Closest Pair
Description
There are $n$ weighted points on the $OX$-axis. The coordinate and the weight of the $i$-th point is $x_i$ and $w_i$, respectively. All points have distinct coordinates and positive weights. Also, $x_i < x_{i + 1}$ holds for any $1 \leq i < n$.
The weighted distance between $i$-th point and $j$-th point is defined as $|x_i - x_j| \cdot (w_i + w_j)$, where $|val|$ denotes the absolute value of $val$.
You should answer $q$ queries, where the $i$-th query asks the following: Find the minimum weighted distance among all pairs of distinct points among the points in subarray $[l_i,r_i]$.
The first line contains 2 integers $n$ and $q$ $(2 \leq n \leq 3 \cdot 10^5; 1 \leq q \leq 3 \cdot 10^5)$ — the number of points and the number of queries.
Then, $n$ lines follows, the $i$-th of them contains two integers $x_i$ and $w_i$ $(-10^9 \leq x_i \leq 10^9; 1 \leq w_i \leq 10^9)$ — the coordinate and the weight of the $i$-th point.
It is guaranteed that the points are given in the increasing order of $x$.
Then, $q$ lines follows, the $i$-th of them contains two integers $l_i$ and $r_i$ $(1 \leq l_i < r_i \leq n)$ — the given subarray of the $i$-th query.
For each query output one integer, the minimum weighted distance among all pair of distinct points in the given subarray.
Input
The first line contains 2 integers $n$ and $q$ $(2 \leq n \leq 3 \cdot 10^5; 1 \leq q \leq 3 \cdot 10^5)$ — the number of points and the number of queries.
Then, $n$ lines follows, the $i$-th of them contains two integers $x_i$ and $w_i$ $(-10^9 \leq x_i \leq 10^9; 1 \leq w_i \leq 10^9)$ — the coordinate and the weight of the $i$-th point.

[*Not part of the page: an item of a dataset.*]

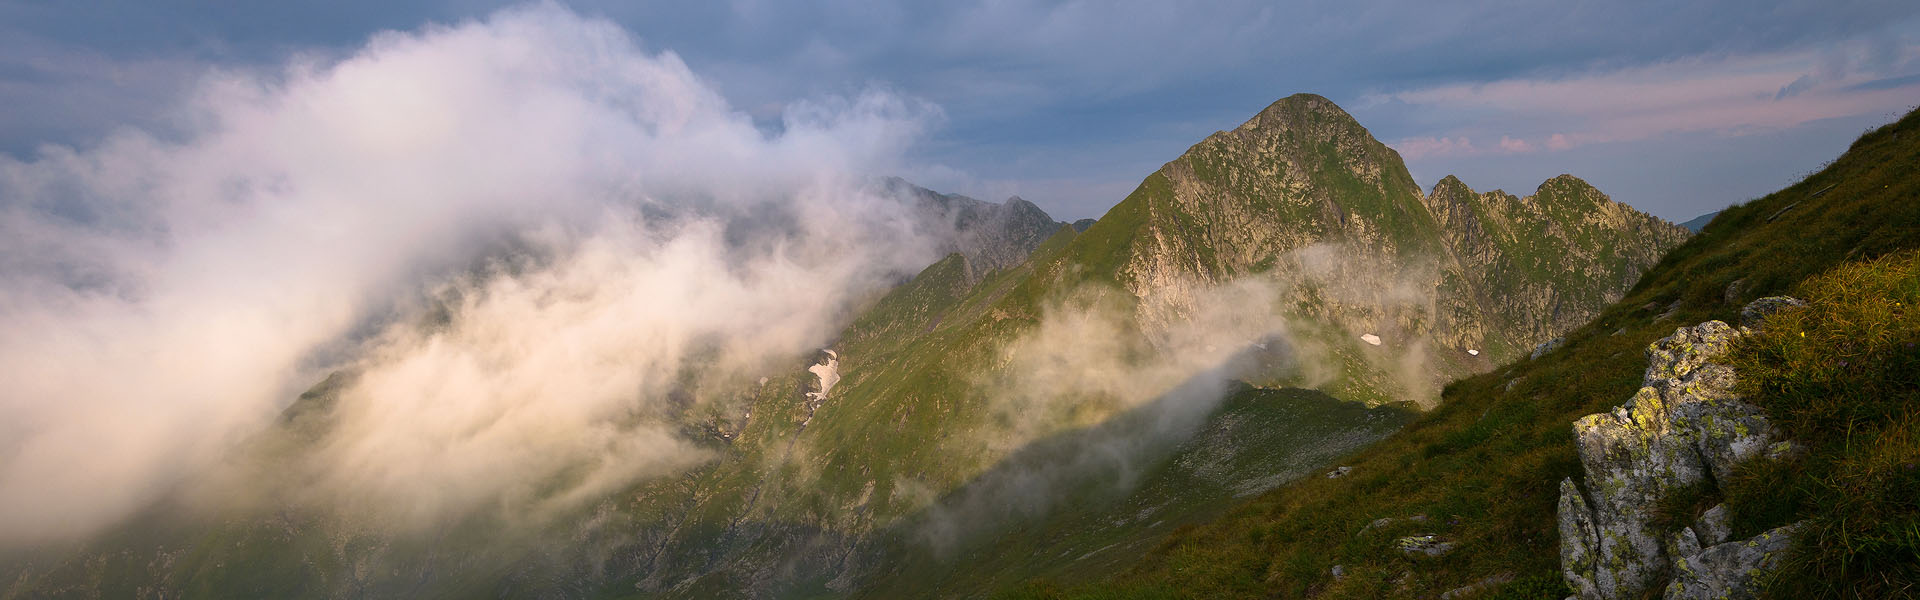 Munții Făgăraș - banner

It is guaranteed that the points are given in the increasing order of $x$.
Then, $q$ lines follows, the $i$-th of them contains two integers $l_i$ and $r_i$ $(1 \leq l_i < r_i \leq n)$ — the given subarray of the $i$-th query.
Output
For each query output one integer, the minimum weighted distance among all pair of distinct points in the given subarray.
Samples
5 5
-2 2
0 10
1 1
9 2
12 7
1 3
2 3
1 5
3 5
2 4
9
11
9
24
11
Note
For the first query, the minimum weighted distance is between points $1$ and $3$, which is equal to $|x_1 - x_3| \cdot (w_1 + w_3) = |-2 - 1| \cdot (2 + 1) = 9$.
For the second query, the minimum weighted distance is between points $2$ and $3$, which is equal to $|x_2 - x_3| \cdot (w_2 + w_3) = |0 - 1| \cdot (10 + 1) = 11$.
For the fourth query, the minimum weighted distance is between points $3$ and $4$, which is equal to $|x_3 - x_4| \cdot (w_3 + w_4) = |1 - 9| \cdot (1 + 2) = 24$.